Prime Minister Abiy Ahmed declared victory over a rebellious regional force, the Tigray People’s Liberation Front (TPLF), at the end of November after its fighters withdrew from the region’s main cities and towns. But sporadic fighting continues in some parts of Tigray, according to residents and United Nations assessments.
The government has acknowledged isolated incidents of shooting but has said that most fighting has stopped in Tigray.
Mulu Nega, head of Tigray’s government-appointed interim administration, told Reuters he had sent a team to the Gijet area to investigate.
The DX Open Network, a security research organization based in Britain, analysed images collected by private satellite operator Planet Labs on Sunday and Tuesday around Gijet and three nearby settlements, which are about 35 km (22 miles) southwest of the Tigray regional capital Mekelle.
They showed at least 508 structures that appeared to have been destroyed by fire over that period, the network said, citing the blackening of earth and vegetation, ash circles indicative of roof collapse, and debris from collapsed walls and ceilings.
A fire detection service run by the U.S. National Aeronautics and Space Administration (NASA), which uses visible and infrared imagery captured from space, detected numerous fires in the area on Monday, according to its website.
The DX Open Network said the absence of fire clusters or scorch marks connecting burnt structures in the images it analysed makes it unlikely that the fires were all accidental, and there was no evidence of craters to suggest they might be the result of shelling.
“These factors support the analytic judgment that this was an intentional effort by a conflict party to destroy this civilian habitation area, and not the product of combat,” it said in its analysis.
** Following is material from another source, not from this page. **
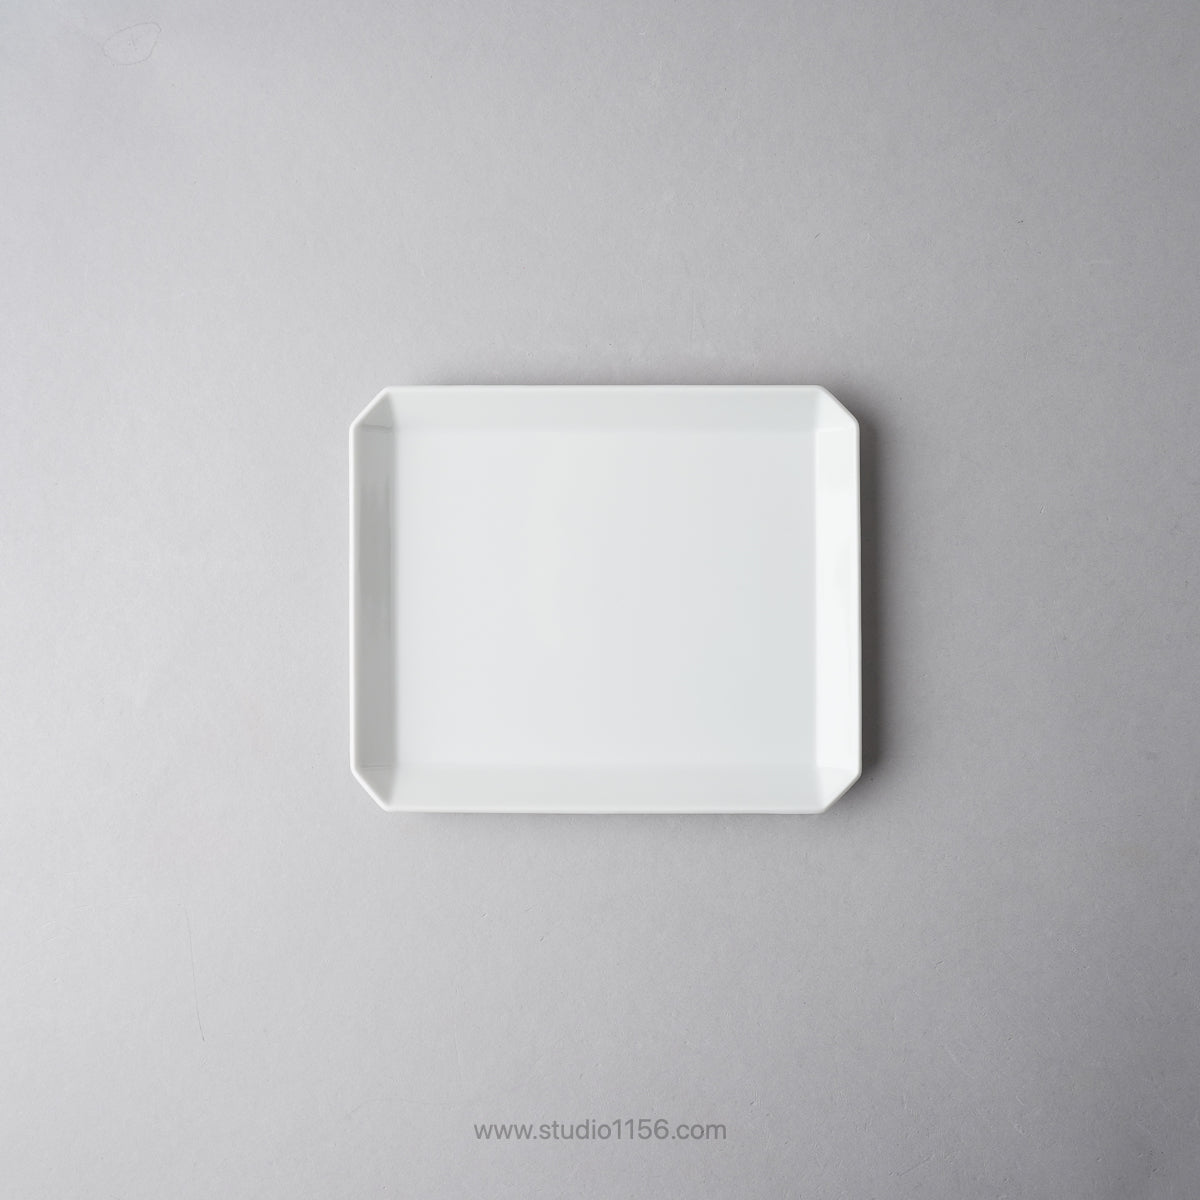 有田焼 スクエアプレート プレーン ホワイト / TY Square Plate Plain White

It was not clear from the images who might have set the fires.
The prime minister’s spokeswoman and the head of a government task force on Tigray did not respond to messages seeking comment. Reuters has been unable to reach TPLF officials since early December.
Both sides in the Tigray conflict, which began in early November, have accused each other of abuses and denied responsibility for carrying them out.
Reuters could not reach people in the area by phone. Communications to Tigray remain patchy, and the government tightly controls media access.